My Fucking Father Up To His Goddamn Passive-Aggressive Tricks Again

Parents' minivan was in an accident, so My Fucking Father asked me use the car today in order to take it in for an estimate. I assumed that since it's a 2000 Sienna, they'll pay for the damage out-of-pocket and keep the insurance company out of it, so when the guy performing the estimate asked if I wanted aftermarket parts only, I said yes. Fixing the headlight and bumper would cost over two grand.

Told My Fucking Father this over dinner. He asked if these are with new parts. No, I said. "Nooooooooooooooo!" My Fucking Father whined. Crap.

"You want new parts?" I asked, innocently enough, as if I assumed I would get a civilized response in'well, return. It is My Fucking Father, but I'm an optimist that way.

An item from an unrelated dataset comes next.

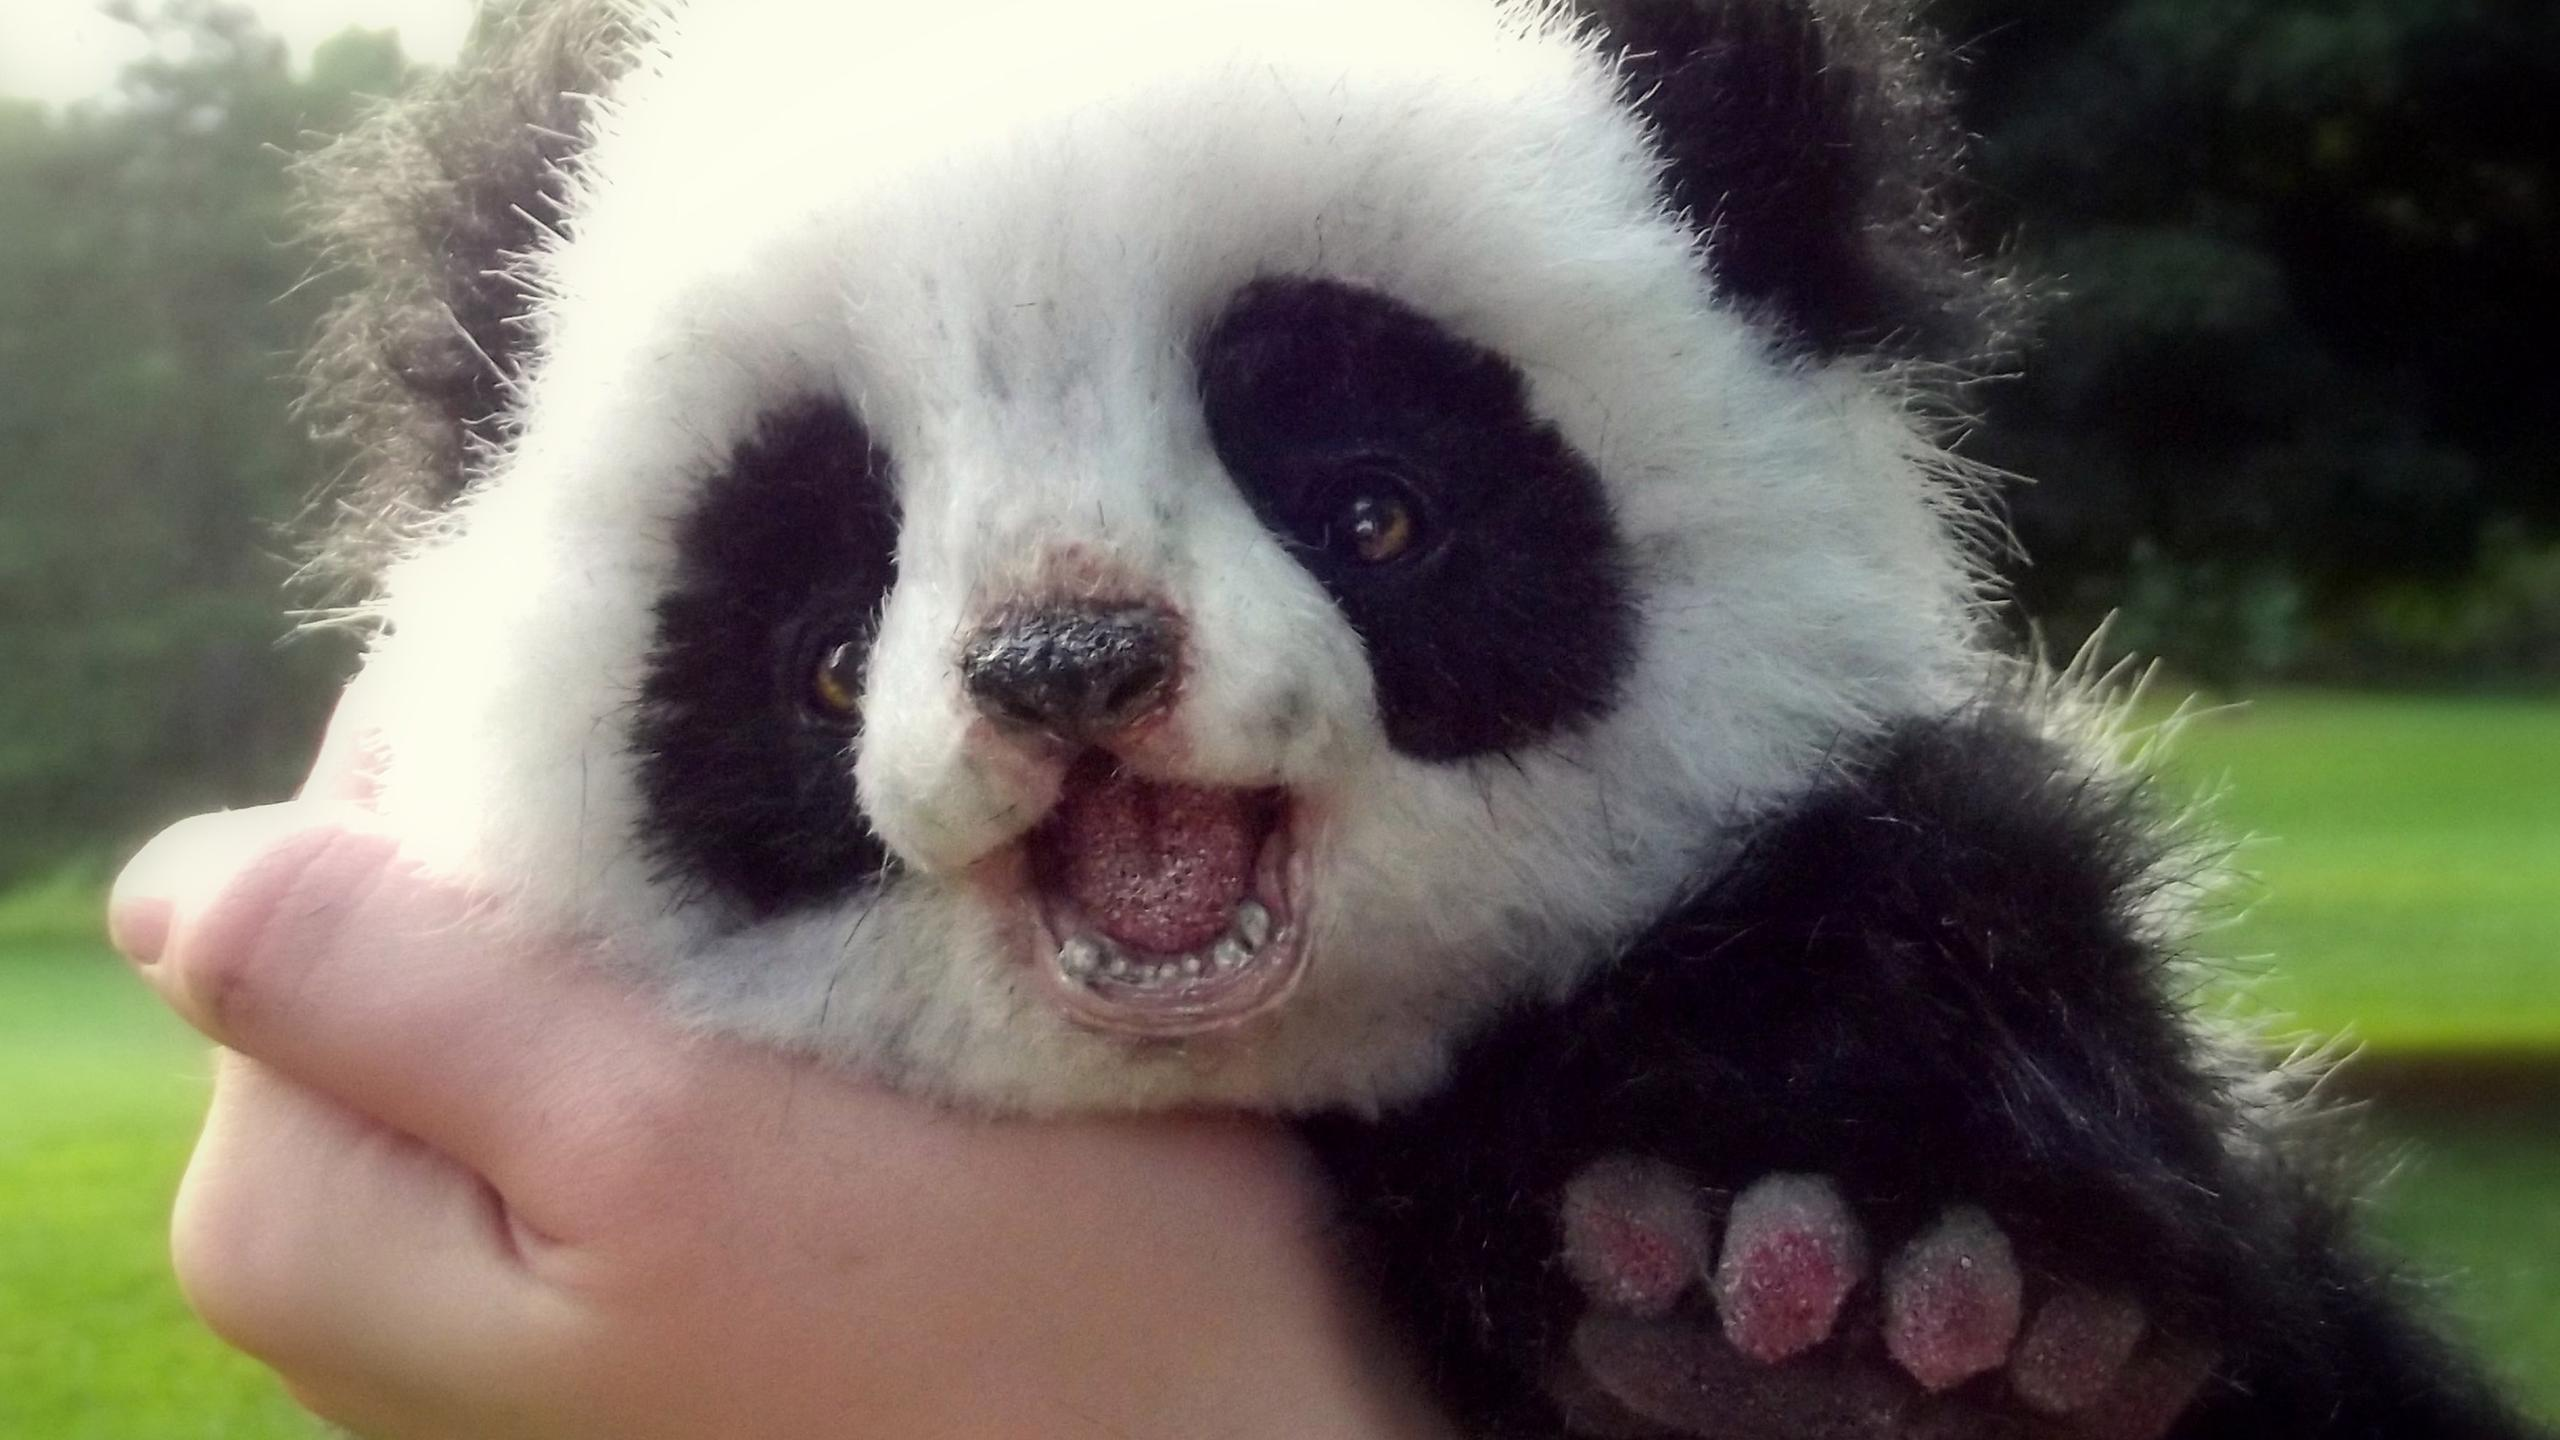 Cute White Dogs Wallpapers Cute Panda Bear Cub Wild Animals Wallpaper Wallpaper

Shouldn't've done that. "Well, we're giving this to insurance, aren't we?" he cried. Man, I fucking hate it when he asks me a question he knows the answer to. Is there any way I could know more about this situation than you do, especially when you didn't fucking tell me you wanted insurance t0 pay for this? Asshole. Turns out that Mother didn't get into an accident; she was parked and some woman, for some unknown reason, drove across grass and plowed right into the car. Geez, if I would've known that, I would have at least asked my folks if this woman's insurance was going to pay. Such logic seems beyond My Fucking Father's comprehension, however.

I wasn't going to put up with his puerile, condescending verbal barrage. Not today, not now, not during this. So I stopped his moaning with, "I want to get this right!" I saw his face change from one of complaining to one of anger. And I was glad, so fucking glad.

I also did the thing he always does, where he gets a verbal shot at me, and before I can say anything back to him, he asks me a question that moves the conversation from finger-pointing to problem-solving. It's a way of controlling the dialogue as well as a rather sleazy way of saying you're above it all when in fact he's not. So after I yelled, "I want to get this right!" and before he could say his stupid thing back, I asked him a question about the estimate he wants redone in order to make it right. God, I love that. I need to do that more often. I'm working on it. I'm trying.

But leave it to the passive-aggressive master, the man I learned all those tricks from, My Fucking Father, to let loose his arsenal. When I gave back to Mother money for the PCA work because I was short, My Fucking Father asked me for a toothpick that was on the sill. To re-establish dominance, of course. The last time he asked me for a toothpick I was six, I think. Shit, I don't remember him using a toothpick this millennium.

And then, while they were washing dishes but I was still eating, My Fucking Father went downstairs, grabbed the clothes hanging where the water heater is (our dryer no longer works -- maybe that should be a blog post) and put them on the living room sofa, clothes hangers still attached. "You're a big boy now, you have to take care of yourself," he sniped. What does leaving them downstairs have anything to do with any perception of my immaturity, you dick? My Fucking Father has never brought up my clothes for me. He only brought those clothes up to say that and get back to me.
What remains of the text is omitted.